BANGKA TENGAHLENSA DAERAHLENSA EKONOMINEWS

Warga Keberatan Rencana Pembangunan Indomaret Dan Alfamart di Kurau

Lensabangkabelitung.com, KOBA – Pembangunan ritel modern atau berskala nasional (Indomaret, Alfamart dan atau sejenisnya) di Desa Kurau, Kecamatan Koba, Kabupaten Bangka Tengah (Bateng) mendapat penolakan dari sejumlah warga setempat.

Ketua Badan Permusyawaratan Desa (BPD) Kurau, Kikin Rafian mengatakan pihaknya sudah menggelar rapat musyawarah mengenai penolakan dan keberatan atas rencana pembangunan toko ritel berskala nasional di desa Kurau.

“Pada dasarnya seluruh pemilik toko menolak dibangunnya toko ritel berskala nasional di Desa Kurau, karena pedagang kecil atau pemilik toko di sekitar merasa akan terkena dampak. Toko ritel tersebut tidak hanya berdampak kepada pemilik toko namun juga dikhawatirkan akan berdampak negatif kepada pelaku UMKM di Desa Kurau khususnya,” jelasnya, Jumat (13/1/2023).

Kikin mengatakan, pihaknya butuh solusi untuk pembukaan ritel tersebut, kita berharap awak media bisa menyebarkan informasi ini dan tersampaikan ke Bupati dan Ketua DPRD Bangka Tengah.

Sementara itu, Abdullah Randi, Ketua Umum HIPMI Bangka Tengah menilai sikap warga atau perwakilan masyarakat Desa Kurau menolak kehadiran toko ritel besar di Desa mereka itu wajar.

“Penolakan ini wajar, karena bisa berdampak pada toko-toko kelontong yang ada di desa tersebut. Kita ketahui selama ini masyarakat sekitar membeli di toko kelontong, ada kekeluargaan sangat melekat di tradisi kami khususnya Bangka Tengah,” ujarnya.

Menurutnya Bupati juga harus benar memilah izin yang diberikan dengan kultur dan tempat wilayah tersebut.

“Ini kan desa, ya jangan dikasih lah. Kalau pinggir kota seperti Pangkalan Baru sepanjang jalan raya ke bandara ya tidak masalah, ini kan udah masuk desa, sehingga akan mengganggu kawan-kawan UMKM di desa tersebut, apalagi Desa Kurau merupakan sentra UMKM olahan makanan hasil lautnya,” ucapnya.

Abdullah mengatakan dari pihak HIPMI Bangka Tengah khususnya sependapat, apa yang disampaikan dan dikeluhkan perwakilan masyarakat setempat, karena akan mematikan ekonomi dan perputaran duit disetempat.

Diketahui, saat ini ritel modern tersebut dalam proses pembangunan.
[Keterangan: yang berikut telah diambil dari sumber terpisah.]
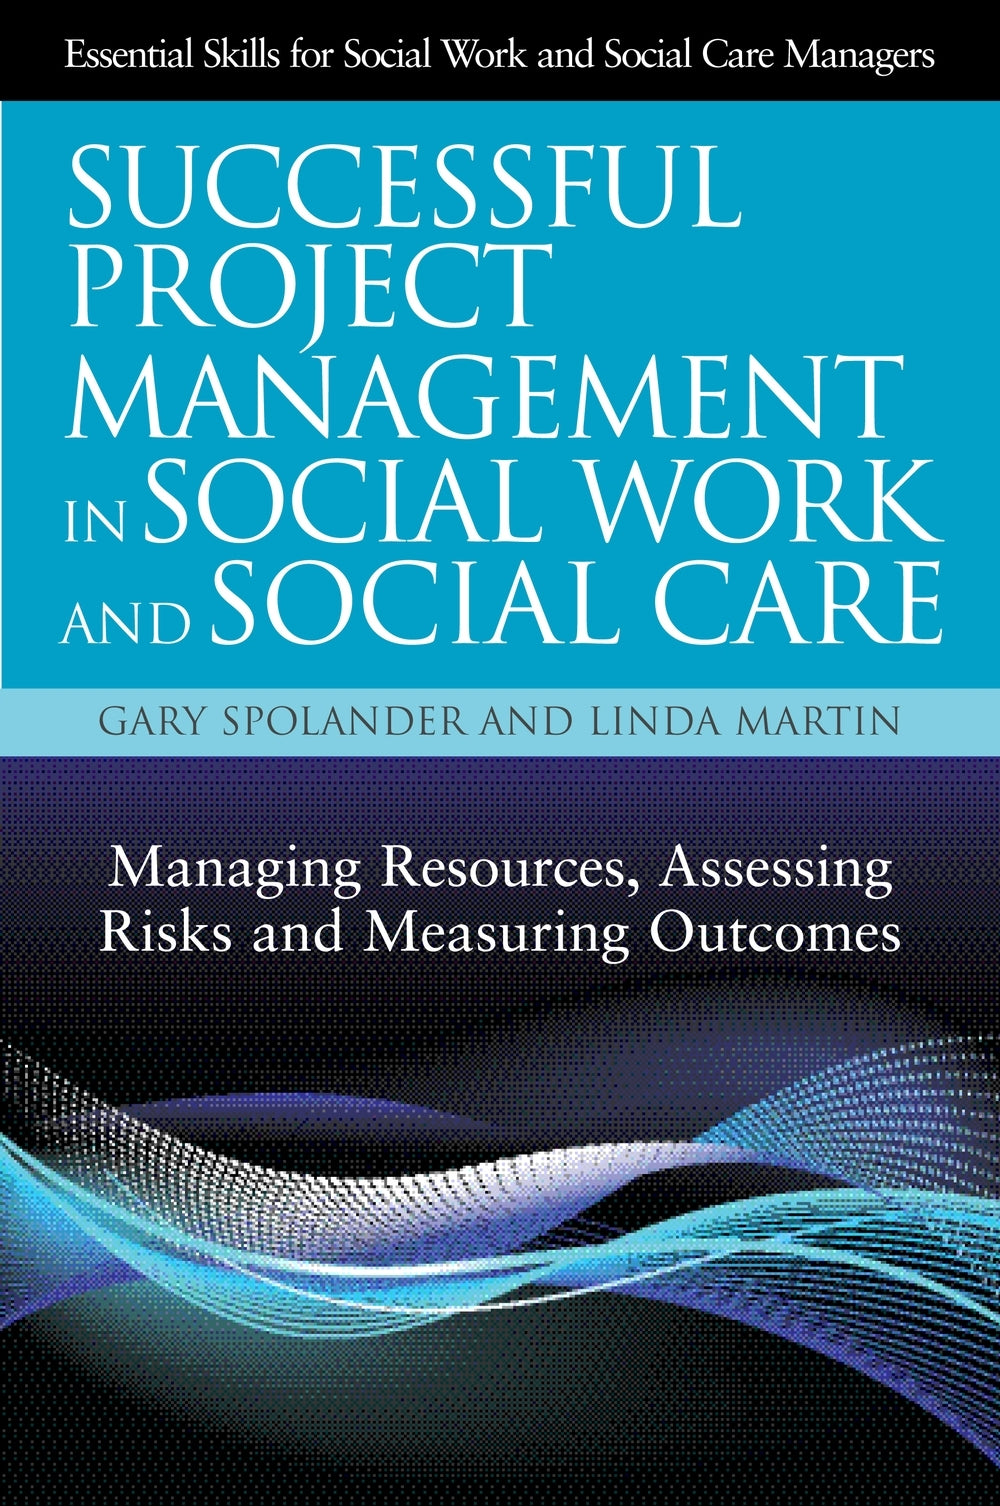 Successful Project Management in Social Work and Social Care by Gary Spolander, Linda Martin, Trish Hafford-Letchfield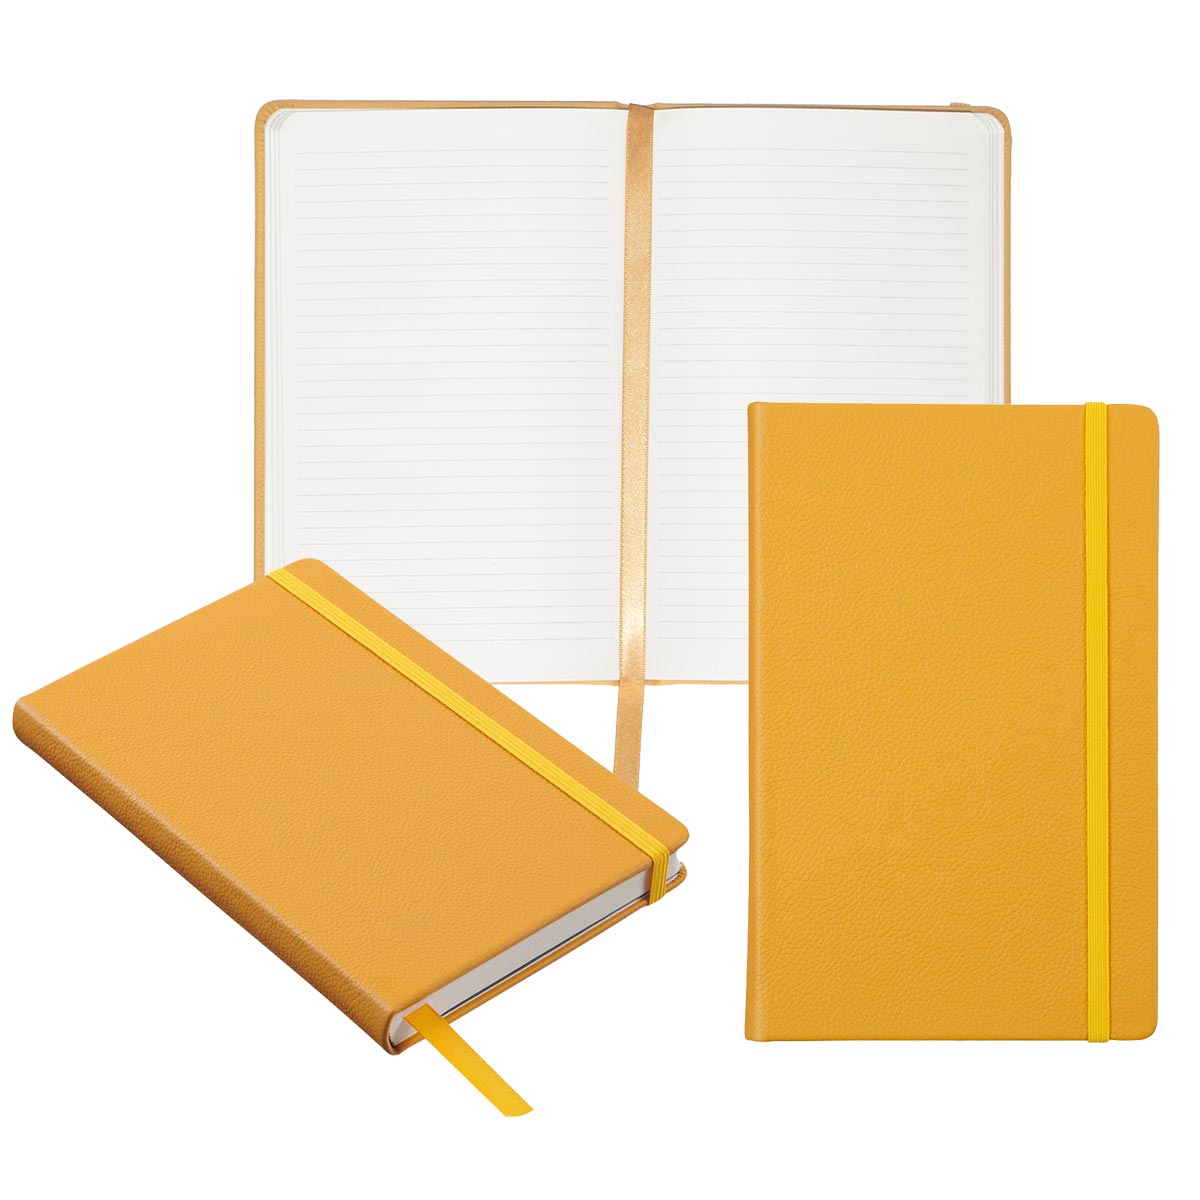 Three view collage of the Butter Yellow notebook, open with ribbon marker, front view, and diagonal closed view of binding and lower edge of notebook

Menurut keterangan Hasbullah sebagai juru bicara pedagang kelontong Desa Kurau, awalnya memang ada bangunan di sana dan dirobohkan, kemudian mulailah ada pembangunan.

“Setelah kita tanyakan ke Kepala Desa Kurau, ternyata akan dibangun ritel modern, kemudian setelah mengadakan 3 pertemuan maka semuanya sepakat menolak dan keberatan atas pembangunan ritel berskala nasional tersebut, namun beberapa waktu lalu pembangunan kembali dilanjutkan,” ungkapnya.

Hasbullah juga mengatakan, meskipun sekarang belum keliatan dampaknya, tapi ke depannya tentu akan ada. Terdapat 63 toko kelontong yang sepakat menolak pembangunan ritel modern di Kurau.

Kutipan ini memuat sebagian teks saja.